Netflix’s I Am Not Okay With This takes this basic concept and lightens it a little. No longer is I Am Not Okay With This a meditation on what drives a young person to the brink, but an offbeat superhero origin story steeped in the unholy humiliation of being an ordinary teen. Director and creator Jonathan Entwistle (who previously adapted Forsman’s work in The End of the F***ing World) draws on pop culture references as varied as The Breakfast Club, X-Men, Dawson’s Creek, Carrie, and Pretty in Pink to highlight the dramatically cinematic scope of being a teenager. What grounds the story in heart-wrenching human emotion, though, is the show’s outstanding young cast.
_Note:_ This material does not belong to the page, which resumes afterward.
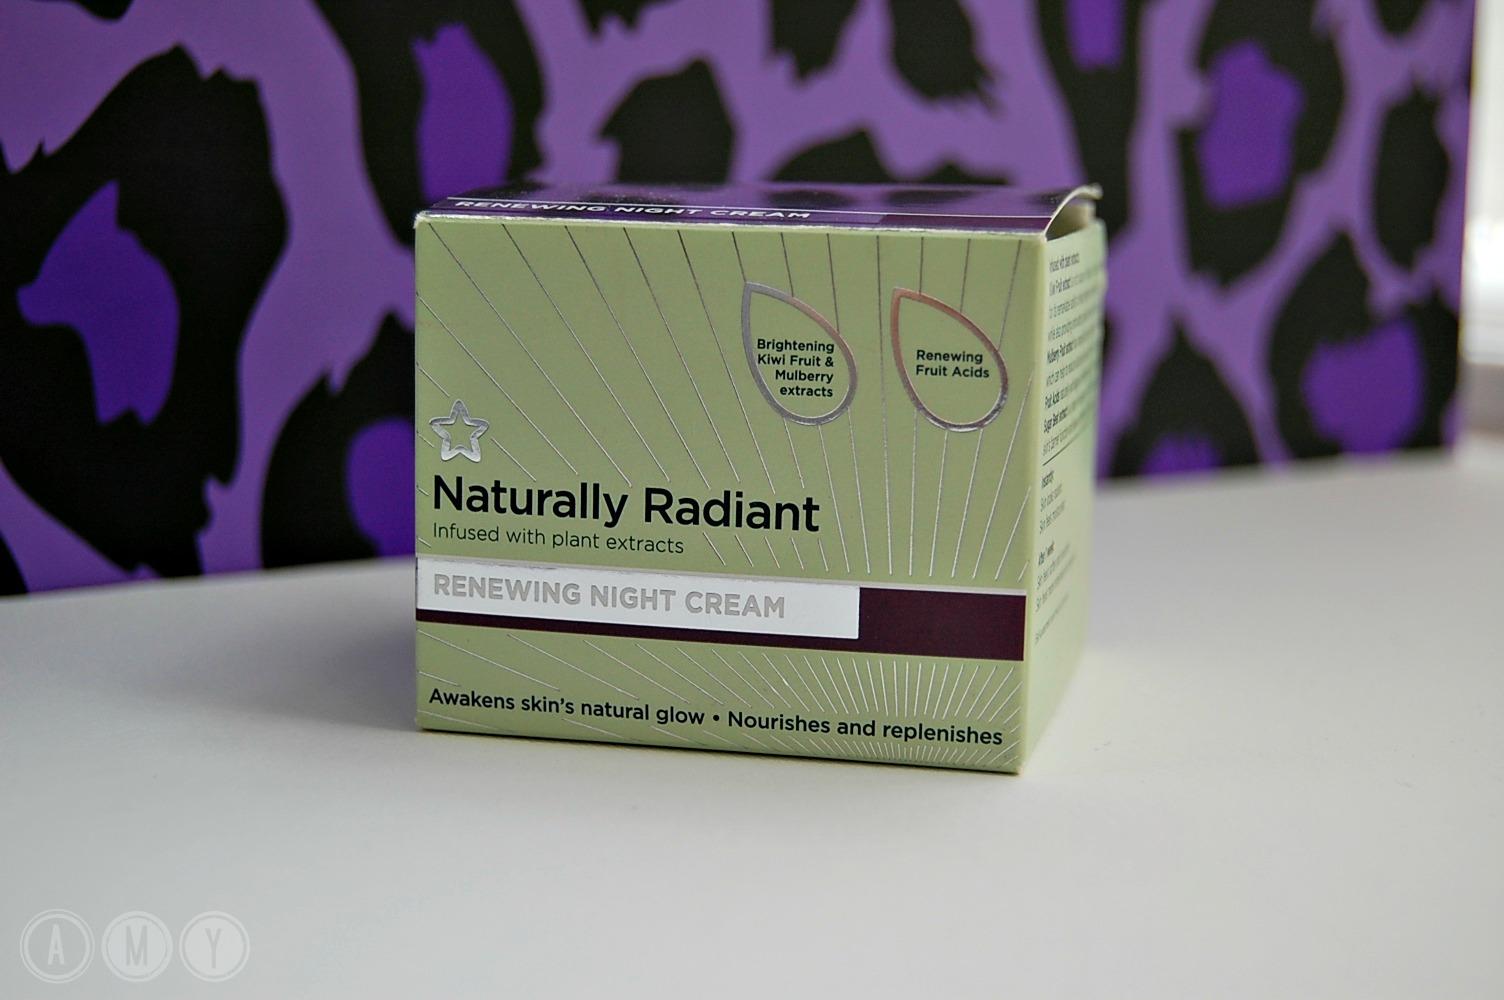 Superdrug Naturally Radiant Renewing Night Cream

18-year-old Sophia Lillis has been captivating audiences for a while now thanks to stellar turns as young Beverly Marsh in the IT movies as well as young Camille (aka Amy Adams) in HBO’s Sharp Objects. However, I Am Not Okay With This marks a major breakthrough for the actress. Lillis is at once cooly brittle and emotionally fragile, balancing the perfect imbalance of being a teenage girl. As Sydney, she manages to evoke the same kind of gamine-next-door energy that made Molly Ringwald an It Girl in the ’80s. More importantly, Sophia Lillis reveals that she is super-powered herself, at least in terms of her acting range.
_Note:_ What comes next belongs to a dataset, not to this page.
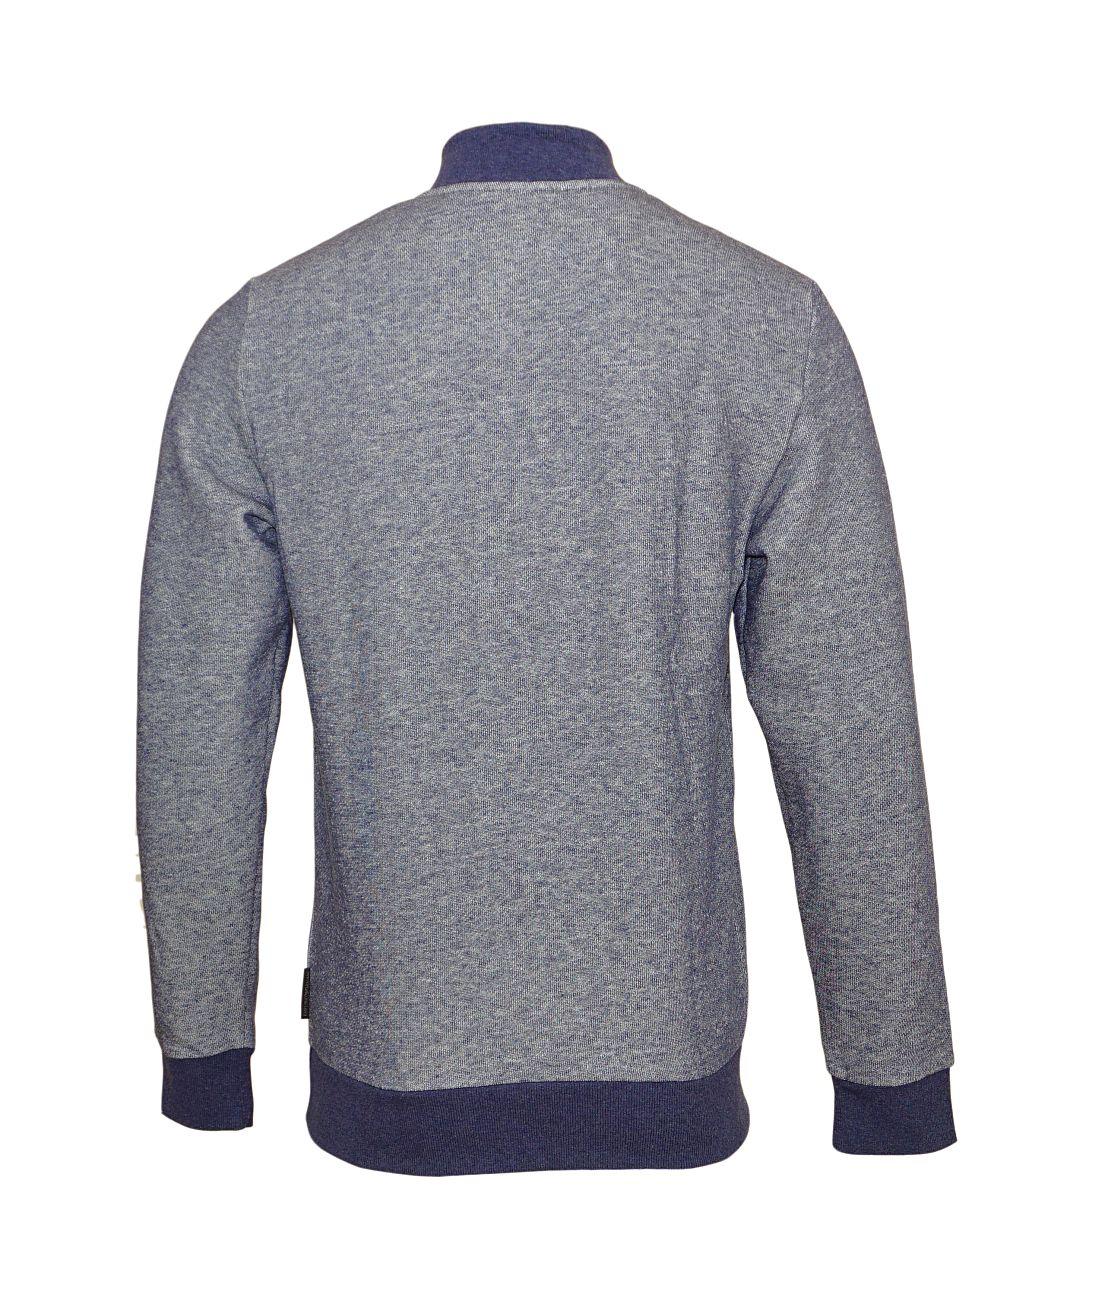 Emporio Armani Pullover Sweater Zip 111704 8A575 52635 BLU MELANGE WX18-EAS

Sophia Lillis and Sophia Bryant in I Am Not Okay With This
Photo: Netflix

Even if I Am Not Okay With This‘s story is focused on the inner demons of one young woman, the show feels so fresh and urgent because of its entire cast. Sofia Bryant shimmers onscreen as Sydney’s best friend Dina. She’s an effervescently kind beauty who manages to fill the screen with a raw sort of glamour that shines like a supernova in I Am Not Okay With This‘s Rust Belt setting. From the moment she skips down an empty street, it comes almost as a given that Sydney is madly in love with her. Kathleen Rose Perkins plays Syd’s mother as a tightly wound open sore. Just like her daughter, she is grappling with shames and secrets, and it’s this similarity that causes the most friction between the two. Even child actor Aidan Wojtak-Hissong manages to steal scenes as Sydney’s desperately good little brother, Aidan.
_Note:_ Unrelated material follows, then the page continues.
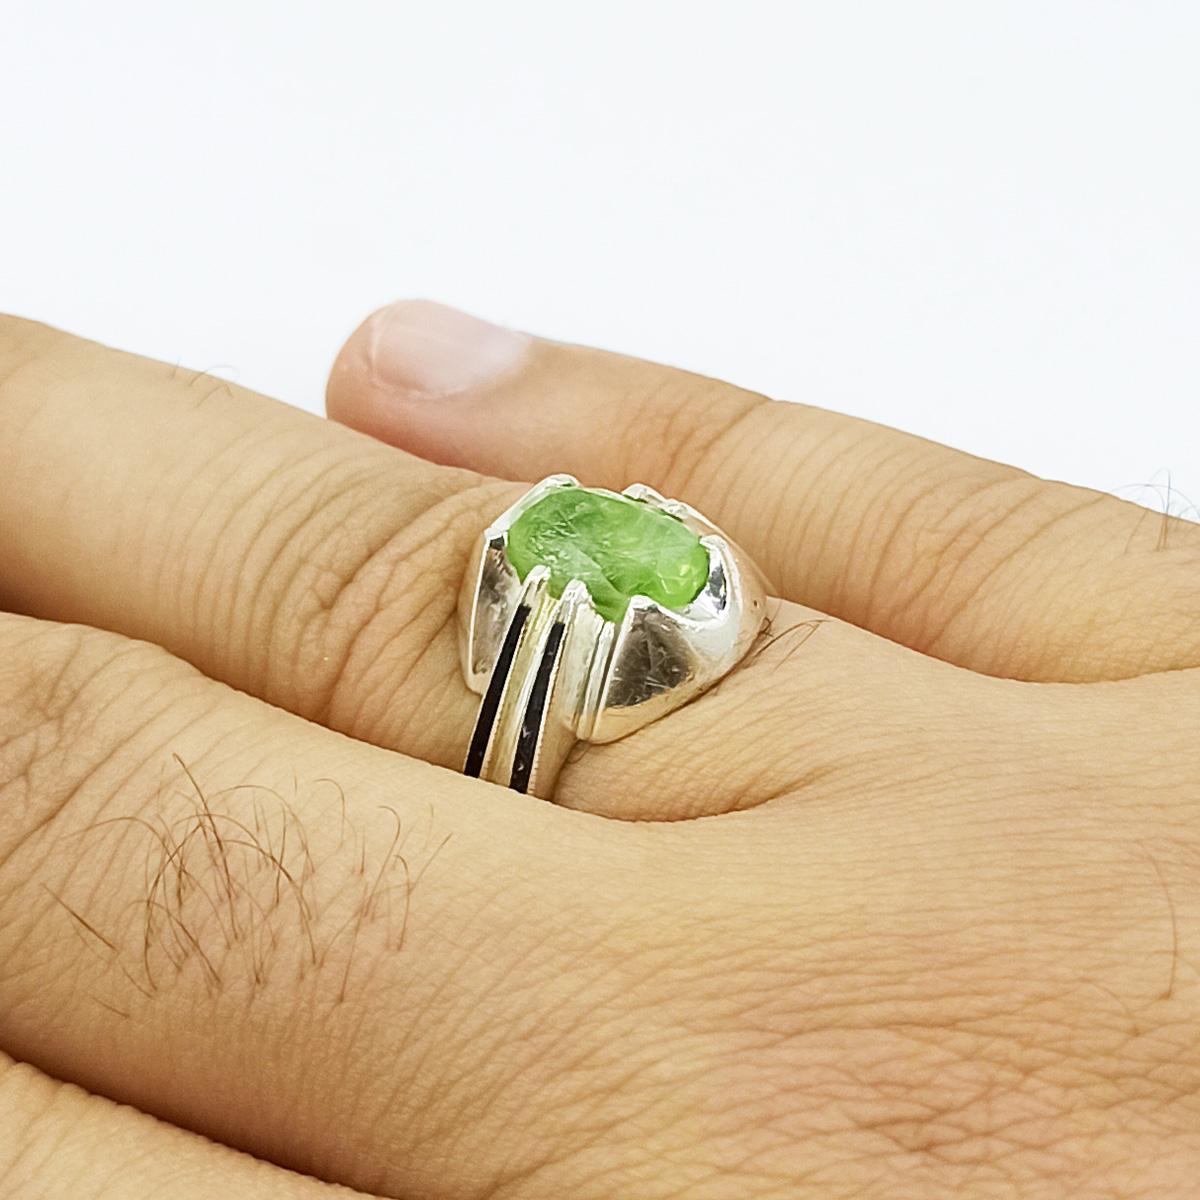 انگشتر نقره مردانه سلین کالا مدل زبرجد ce-As174

But the cast’s other major breakout has to be Wyatt Oleff. Like Lillis, Oleff is a graduate of the IT franchise, but up until now, he’s kind of faded in the background behind seemingly ready-made teen stars like Finn Wolfhard or Jack Dylan Grazer. I Am Not Okay With This pairs Oleff with a star-making role: Stanley Barber. Though the character is obviously a riff on the John Hughes fave Ducky, Oleff injects Barber with a quirky charisma that’s all his own. He tumbles through scenes like a spastic Fred Astaire and his chemistry with IRL best friend Sophia Lillis is as raw as it comes. As Stanley, Oleff is so unabashedly sweet that I predict a generation of quiet girls and sensitive boys are about to fall hard for him as an offbeat heartthrob.

I Am Not Okay With This is a darkly enchanting look at the bleaker side of having superpowers. From the panic and confusion of feeling alone, to the horror of recognizing your own oddness, the show leans hard into the superhero-story-as-metaphor-for-puberty cliché — but in a way that reclaims that tradition with real heart and modern cool. I Am Not Okay With This is hands down the most exciting new Netflix show of 2020, so far.

I Am Not Okay With This premieres on Netflix on February 26, 2020.